Python encode understanding

Source: Internet
Author: User

Basic knowledge

The computer can handle only 0 and 12 digits, so all data (text, images) must become numbers 0 and 1.

ASCII encoding

The computer was invented by the Americans, so only 127 characters were written into the computer, the common Arabic numerals, the letter case, and the symbols on the keyboard. This is known as ASCII encoding. For example, the ASCII encoding of A is 65,65 and then converted to 01000001, which is what the computer handles.

Each country's own code

China has developed a GB2312 encoding, compatible with ASCII encoding, then assume that 61,62,63 in GB2312 encoding corresponding to the MU class network three words, in the ASCII code table corresponds to A,b,c, in Shift_JIS (Japan's Code) corresponds to ハロー, So Chinese text with GB2312 encoding, stored in the computer for a string of 01 numbers, the Japanese use Shift_JIS decoding, read all is a string to read the Japanese garbled, and even can not parse the binary code.

Unicode encoding

Later, Unicode encoding, which summarizes almost all of the world's languages, uses the same encoding, so that everyone uses the same encoding to encode, decode, and eventually get the correct text.

UTF-8 encoding

However, because Unicode encoding is encoded using 16 digits, it is too resource-intensive, so there is the UTF-8 encoding, which uses 8 digits to store it, and the Chinese uses two 8-bit encoding to store it. Greatly avoids the wasted space

Text storage in the computer

So the text in Notepad (such as Chinese), encoded using Unicode, is encoded as UTF-8 when stored on the computer, and when we open it, it is converted from UTF-8 encoding to Unicode encoding and then to the encoding of the respective country from the Unicode encoding

Transmission of text between networks

After the Unicode data on the server is read out, it is converted to UTF-8 encoding (bandwidth saving), transmitted to the browser,

Python3

Python3 strings use Unicode encoding by default, so Python3 supports multiple languages;

The Unicode representation of STR through encode () can be encoded as a specified bytes

If bytes uses ASCII encoding, characters that are not present in the ASCII code table will be #表示 with \x#, which is decoded with ' \x## '. Decode (' corresponding code ').

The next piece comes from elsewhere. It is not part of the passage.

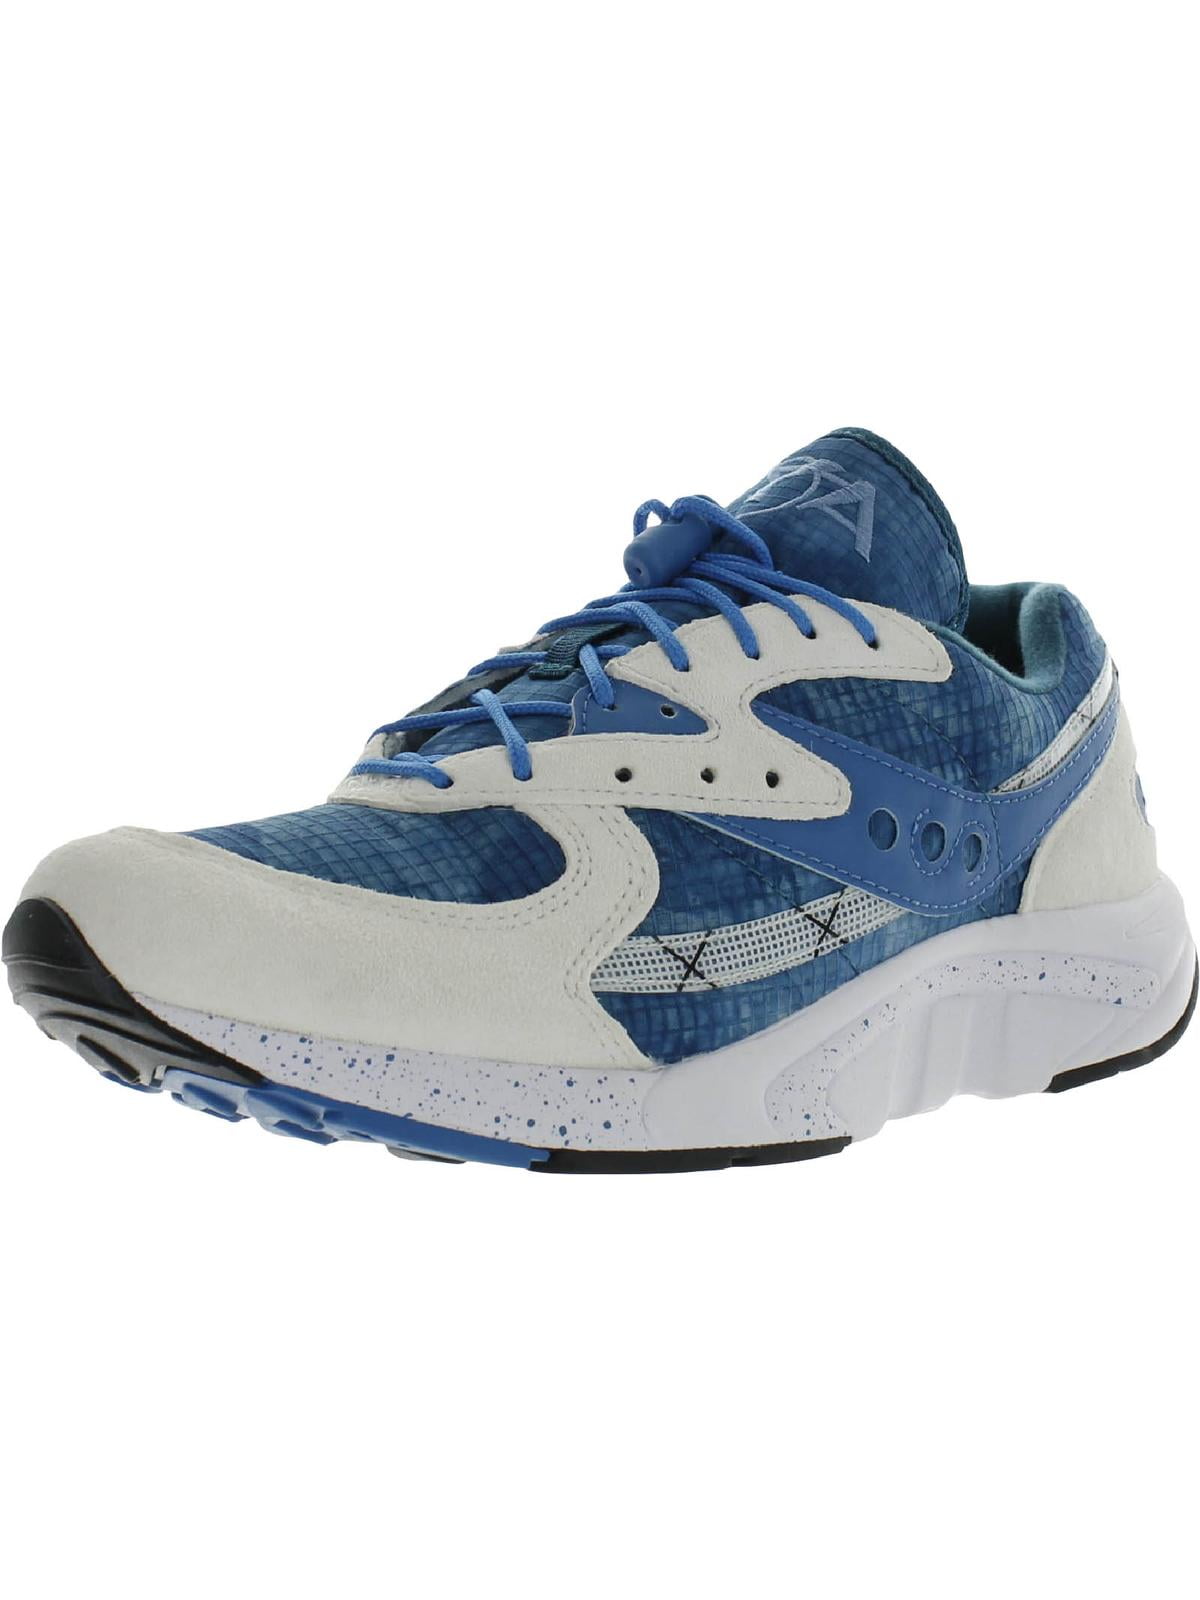 Saucony Mens Aya Lifestyle Cross Training Running Shoes Sneakers BHFO 5542

>>>ImportChardet>>> str='China a'#utf-8 Encoding>>> Str.encode ('Utf-8') b'\xe4\xb8\xad\xe5\x9b\xbda'>>> Chardet.detect (Str.encode ('Utf-8')){'encoding':'Utf-8','confidence': 0.7525,'language':"'}>>> Str.encode ('Utf-8'). Decode ('GBK') Traceback (most recent): File"<stdin>", Line 1,inch<module>Unicodedecodeerror:'GBK'Codec can'T decode byte 0xad in position 2:illegal multibyte sequence>>> Str.encode ('Utf-8'). Decode ('Utf-8')'China a'#GB2312/GBK Encoding>>> Str.encode ('gb2312') b'\XD6\XD0\XB9\XFAA'>>> Str.encode ('GBK') b'\XD6\XD0\XB9\XFAA'>>> Chardet.detect ('China I love you ah ah ah ah ah haha haha ah haha haha'. Encode ('gb2312')){'encoding':'IBM855','confidence': 0.3697632002333717,'language':'Russian'}>>> Chardet.detect (Str.encode ('GBK')){'encoding':'IBM855','confidence': 0.6143757788492946,'language':'Russian'}#chardet recognition is correct only if the text has a certain length and a certain degree of complexity>>> Chardet.detect ('China I love you ah ah ah ah oh haha haha i'm a little bird'. Encode ('gb2312')){'encoding':'GB2312','confidence': 0.7142857142857143,'language':'Chinese'}>>> Str.encode ('GBK'). Decode ('IBM855')'Ол╣щa'>>> Str.encode ('GBK'). Decode ('Utf-8') Traceback (most recent): File"<stdin>", Line 1,inch<module>Unicodedecodeerror:'Utf-8'Codec can'T decode byte 0xd6 in position 0:invalid continuation byte>>> Str.encode ('GBK'). Decode ('GBK')'China a'

Python encode understanding

Contact Us

The content source of this page is from Internet, which doesn't represent Alibaba Cloud's opinion; products and services mentioned on that page don't have any relationship with Alibaba Cloud. If the content of the page makes you feel confusing, please write us an email, we will handle the problem within 5 days after receiving your email.

If you find any instances of plagiarism from the community, please send an email to: info-contact@alibabacloud.com and provide relevant evidence. A staff member will contact you within 5 working days.

A Free Trial That Lets You Build Big!

Start building with 50+ products and up to 12 months usage for Elastic Compute Service

  • Sales Support

    1 on 1 presale consultation

  • After-Sales Support

    24/7 Technical Support 6 Free Tickets per Quarter Faster Response

  • Alibaba Cloud offers highly flexible support services tailored to meet your exact needs.